Это уже прежний Алик с горящим взором.

– Эх вы, старые хрычи, – говорю я насмешливо.

– Почему это мы старые хрычи? – в голосе Даньки слышится неподдельная обида.

– Сколько вам лет, мальчики?

– Тридцать четыре, – хором отвечают Даня и Алик.

– А девицам вашим?

– Лет девятнадцать – двадцать.

– Для них вы точно – старые хрычи.

– А ты тогда кто? – Данька продолжает злиться.

– А я – старая хрычовка. Мне-то тридцать пять. Но я не вожу шашни с молоденькими мальчиками. Какой от них прок?

Алик и Данька смеются. Наверное, представили меня в объятиях тинэйджера девятнадцатилетнего с серьгой в брови.

Дорога пустынна. Машин тут почти не попадается. До города, в который мы едем, проложена железная дорога, поэтому все стараются добраться туда поездом. Вот на обочине стоит КАМАЗ, водитель меняет колесо. Хорошо, что нет мороза, но всё равно ему тоскливо оттого, что он один и ему некому помочь. А мы мчим вперёд. Мысли у меня безрадостные. Я бы тоже должна была отсидеть в тюрьме за убийство по неосторожности. Или в целях самообороны? За это, говорят, могут и оправдать… Да, среди лесного хмурого пейзажа без солнца только об этом и вспоминать… А когда же ещё?

Вообще, я – военный журналист.
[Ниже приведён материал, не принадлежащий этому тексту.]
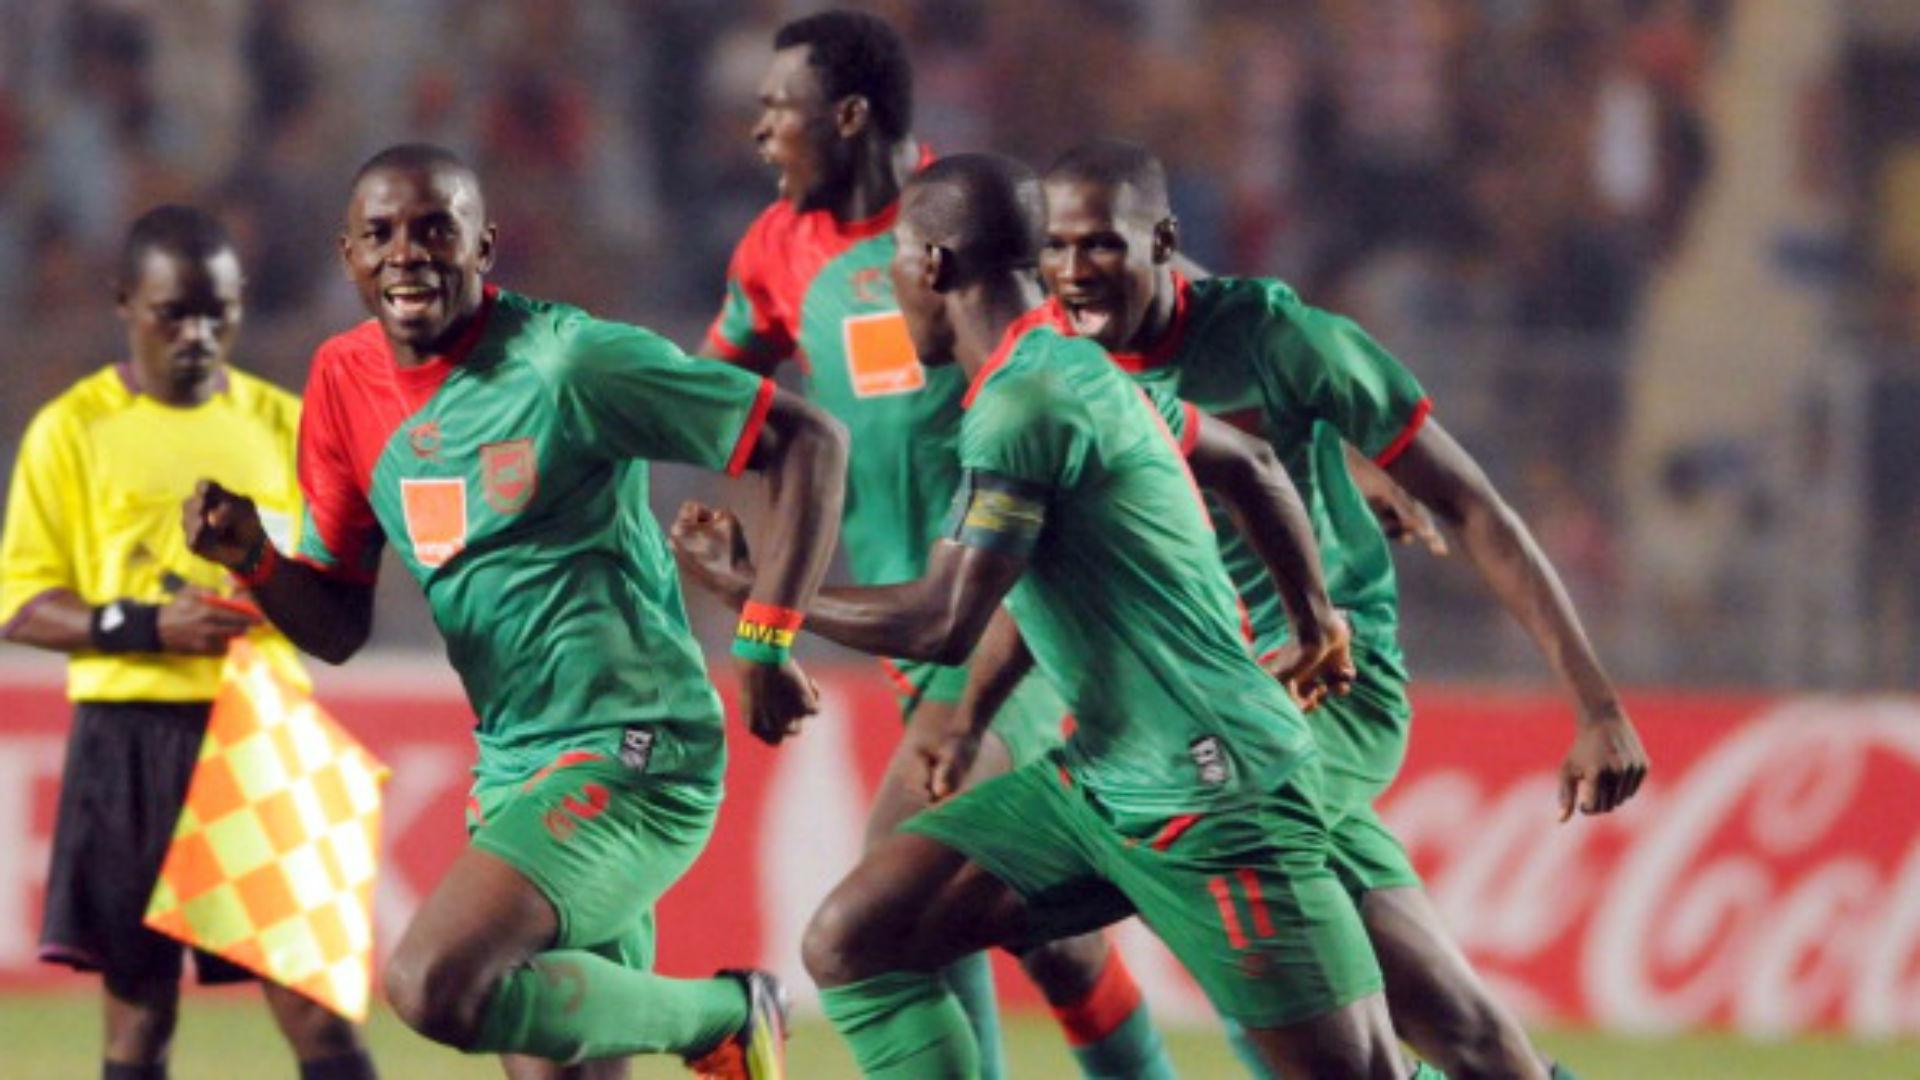 Malian Djoliba A C striker Alou Bagayoko (L) celebrates with teammates

Судьба помотала меня достаточно по горячим точкам. Но я сама этого хотела. Правда, сначала я хотела совсем другого. Я хотела выйти замуж за Митю. С Митей мы встретились случайно, когда нам было по 17 лет. Я увидела Митю из окна папиной машины. Папа вез меня на вступительные экзамены в университет. Мне надо было написать сочинение на пятёрку – подтвердить золотую медаль. Я поступала на факультет психологии. В моей семье считалось, что психология никому не нужна, лучше бы я пошла на экономический или юридический. Но я твёрдо решила стать психологом. И папа покорно вёз меня в университет, чтобы я поступила именно на этот факультет. Митя стоял на остановке в ожидании трамвая. Он был красив, как греческий бог. Или как полубог. В общем, он затмил собой солнце. Он увидел мои восхищенные глаза. И мы зацепились взглядами друг за друга, как крючками. Папа ничего не заметил. После сочинения он забрал меня и повёз домой. Но я соврала, что мне надо к подруге и вышла на той самой остановке. Митя был там. Он ждал меня, знал заранее, что я вернусь. Я села рядом. Он взял мою руку, поцеловал ладошку, измазанную пастой от шариковой ручки. Я положила голову ему на плечо. Мы так сидели долго. Может, час. Потом он поцеловал меня в губы. Наши сердца стучали громче, чем колёса трамвая, который в этот момент подходил к остановке. Мы сели в трамвай, проехали, наверное, круга три, честно при этом платили кондуктору за каждый круг Кажется, билет стоил три копейки. Кондуктор – пожилая женщина, видевшая в жизни всякое, не обращала на нас внимания. К вечеру мы вышли на той же остановке, совершенно одуревшие от поцелуев. Я обрела дар речи:

– Как тебя зовут?

Митя молчал и улыбался. Я потрясла его за плечо:

– Как тебя зовут?

Он взял палочку, лежащую в пыли, написал на обочине: «Митя».

– А сказать не можешь?

Митя помотал головой – нет.

– Почему?

«Я глухонемой» – написал Митя.

«Дина», – написала я этой же палочкой.

Меня переполнял восторг любви, а страх только усиливал эмоции. Страшно было не за себя. За моих родителей. Они этого не примут и не переживут. Родители мои были люди очень пожилые. Я и Даня – поздние дети. Наш старший брат Савелий был уже взрослым солидным женатым мужчиной. Зная характер папы и особенно мамы, я предполагала, во что выльется их знакомство с Митей. Но всё же храбро назначила ему свидание на завтра на одиннадцать часов. Мы встречались тайно год. Я училась на психолога. Митя – на парикмахера. У него были золотые руки, а в руках – ножницы, которые тоже обещали стать золотыми. Родители мои ни о чём не подозревали. С Митиными родителями я уже была знакома. Они – самые обычные люди – школьные учителя. Почему у них родился глухонемой ребёнок, не знали. Митю обожали. А заодно и меня, девушку, полюбившую их сына. Я начала учить язык глухонемых. Да мы и так отлично понимали друг друга. С полувзгляда!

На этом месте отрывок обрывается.